You hear the words “lonely” from those who are, and who can be, by definition, lonely; which comes to no surprise. But you hear the same word from a happy, extremely social, and by stereotypical definition “successful”, which is a huge surprise. It is as real as I heard it from a friend last week:
“What is the meaning of life?” oh, don’t get me wrong. I’m not suicidal or anything; it’s just that I often ask myself what’s the solution to all the things I can’t change…”
She was right; we know a few things about the life we are living, like “we often can’t change what bothers us”, “we are often bemused with the phenomena we experience when we are alone”, and many more. But there is a side that we do not know, or if I am honest with you, we will never know, like, “what if I have made the wrong decision in choosing to live with a partner, choosing a career, or choosing a certain group of friends”. Or worse, what if all I am doing is to escape the reality that deep down, I am lonely, and all this is for me, a form of entertainment. And the thought comes in, slowly but steadily. Now, unlike what you would have imagined, or expected to read here, I will not be writing about the definition of loneliness in this first part. I will write what I would have written in the last part; that we must enjoy the feeling of being lonely, because like many other things we have, and we are not grateful for, loneliness comes to us as a precious gift, with hard work, and days of grief, lethargy and many more of these feelings that I will write on in the next parts under loneliness.

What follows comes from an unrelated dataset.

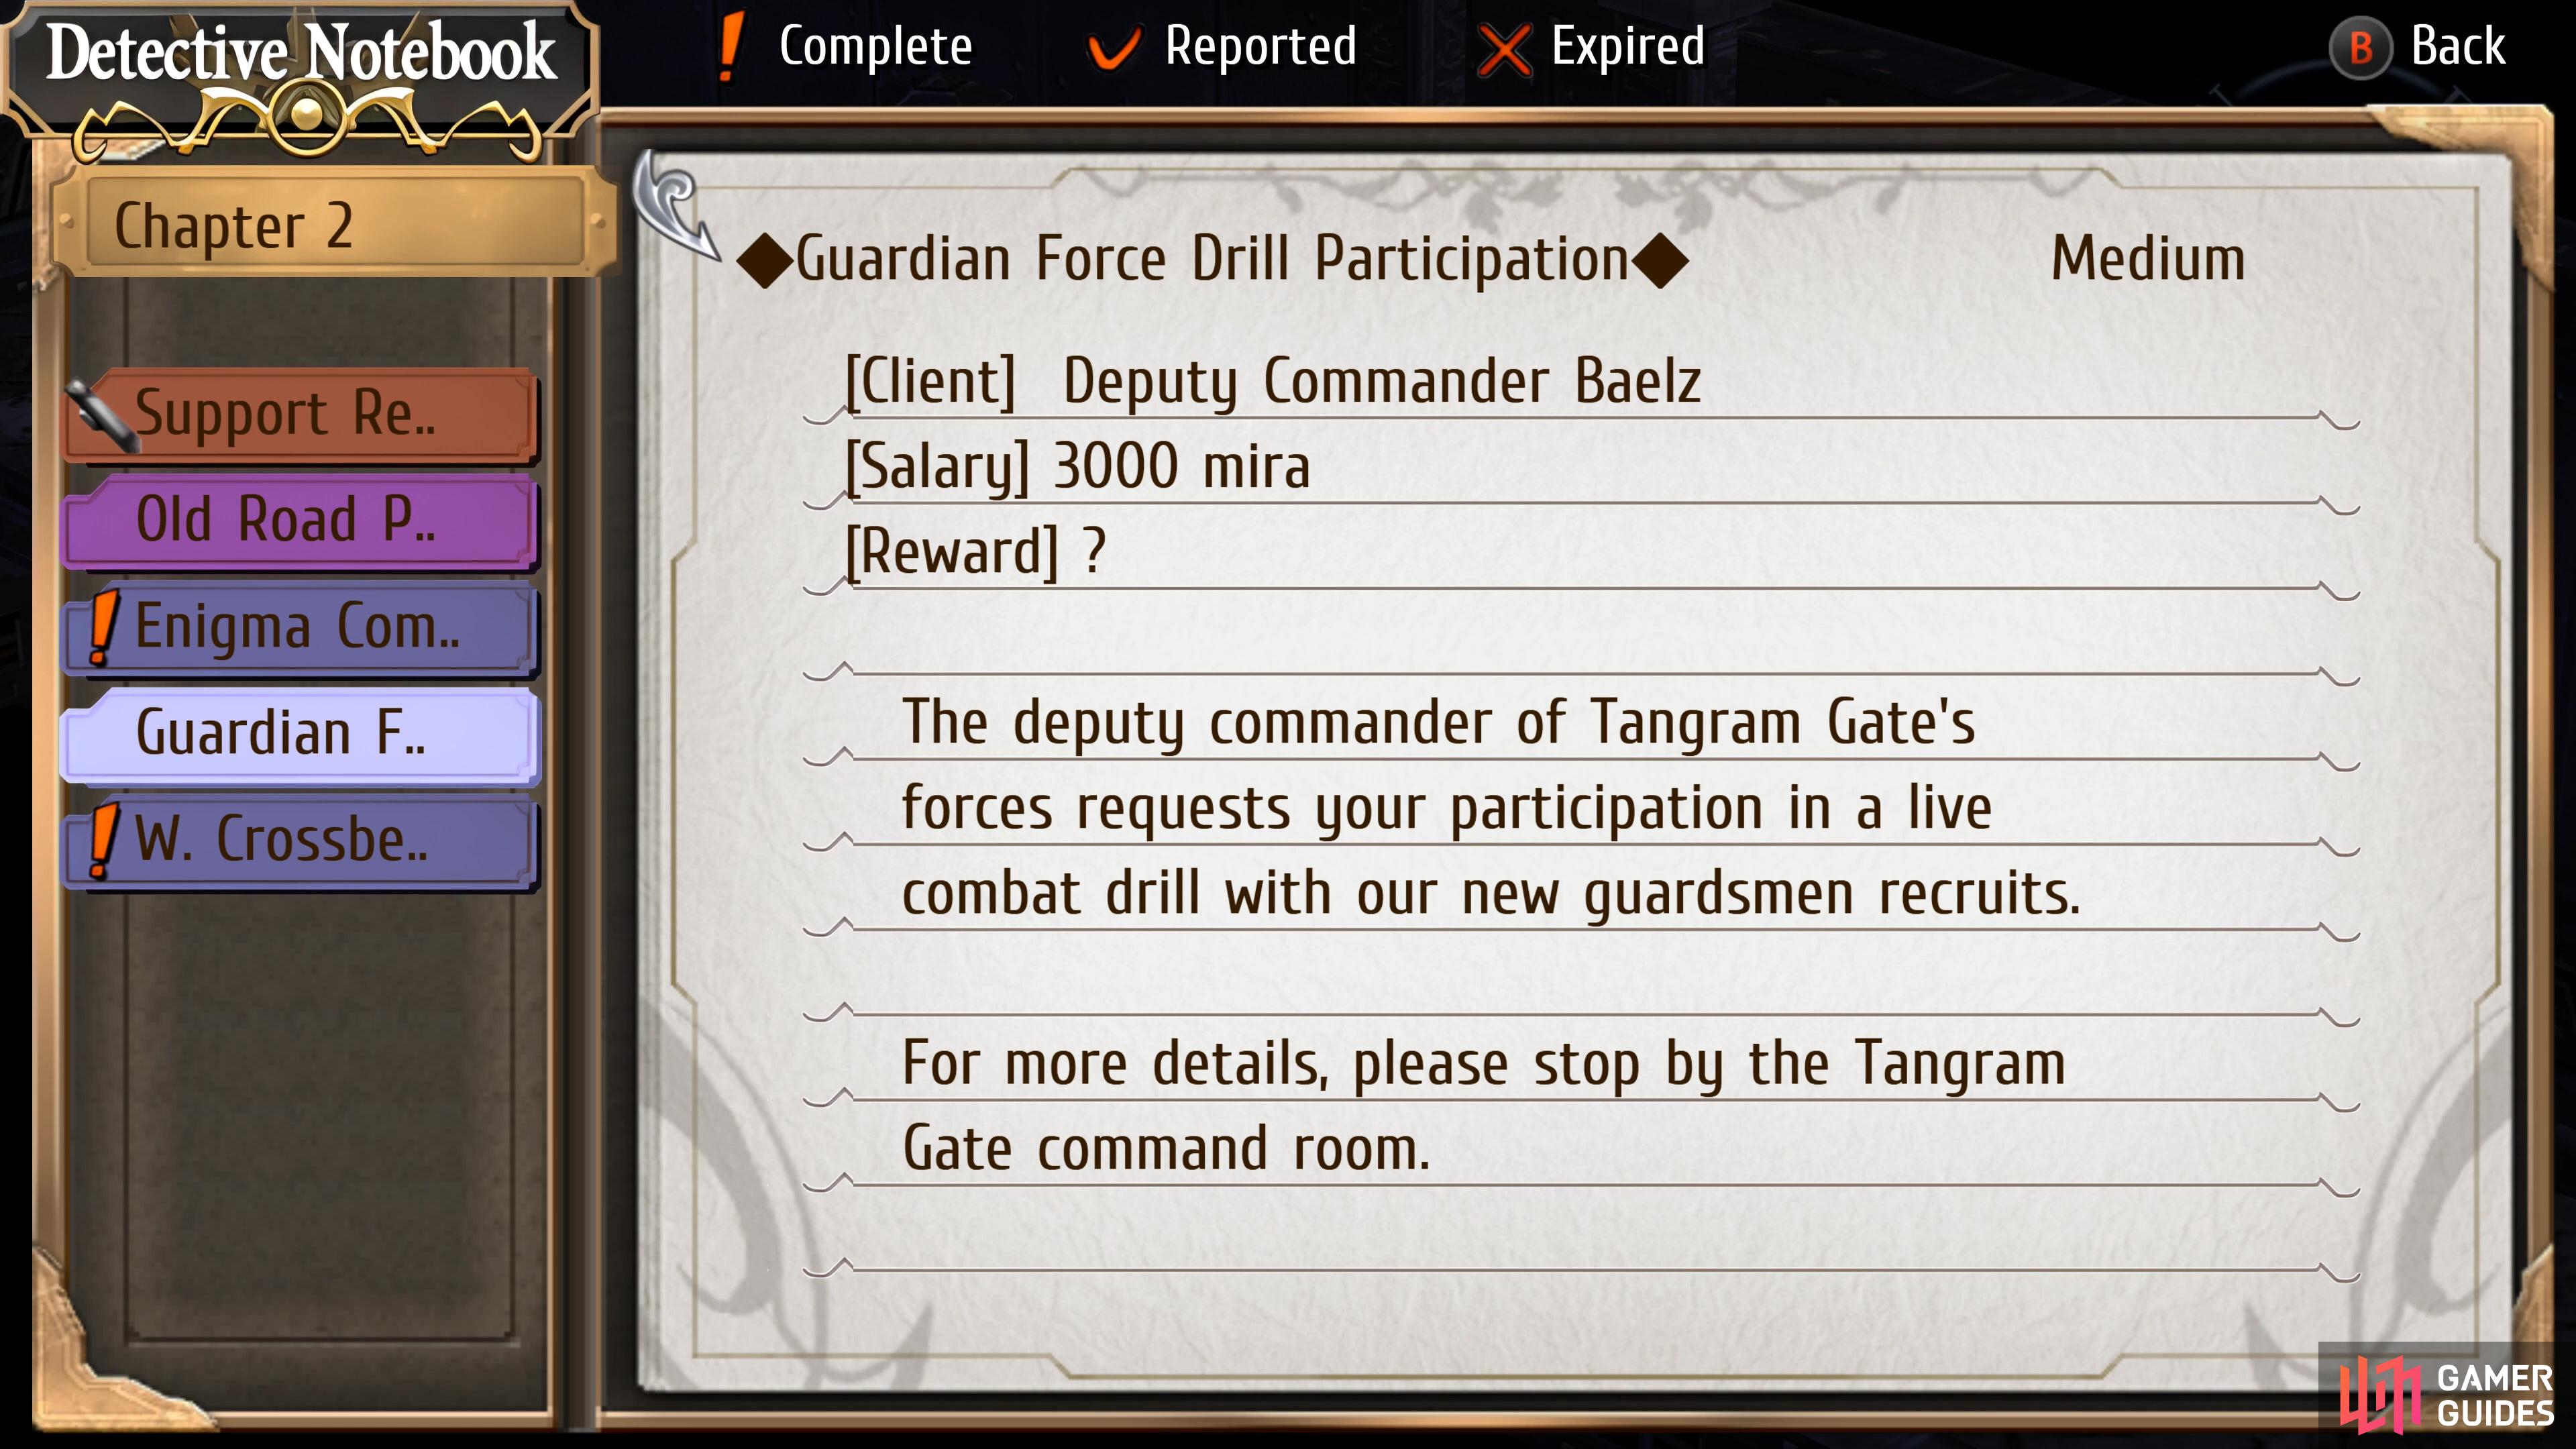 Guardian Force Drill Participation is a Request at Tangram Gate in Chapter 2 Day 1.

As I promised, I am making this simple and short. Perhaps this fairly short quote by Charles Bukowski is aligned with our sympa-writing here:
“I’ve never been lonely. I’ve been in a room — I’ve felt suicidal. I’ve been depressed. I’ve felt awful — awful beyond all — but I never felt that one other person could enter that room and cure what was bothering me…or that any number of people could enter that room. In other words, loneliness is something I’ve never been bothered with because I’ve always had this terrible itch for solitude. It’s being at a party, or at a stadium full of people cheering for something, that I might feel loneliness. I’ll quote Ibsen, “The strongest men are the most alone.” I’ve never thought, “Well, some beautiful blonde will come in here and give me a fuck-job, rub my balls, and I’ll feel good.” No, that won’t help. You know the typical crowd, “Wow, it’s Friday night, what are you going to do? Just sit there?” Well, yeah. Because there’s nothing out there. It’s stupidity. Stupid people mingling with stupid people. Let them stupidify themselves. I’ve never been bothered with the need to rush out into the night. I hid in bars, because I didn’t want to hide in factories. That’s all. Sorry for all the millions, but I’ve never been lonely. I like myself. I’m the best form of entertainment I have. Let’s drink more wine!” (From GoodReads)
Whether you are sitting at your desk reading these, or you are just about to keyboard-punch me or Bukowski for speaking what we feel, or you are contemplating on these words, I hope you found all this somehow relevant. Put your thoughts and comments here, but please don’t stupidify yourself in any way.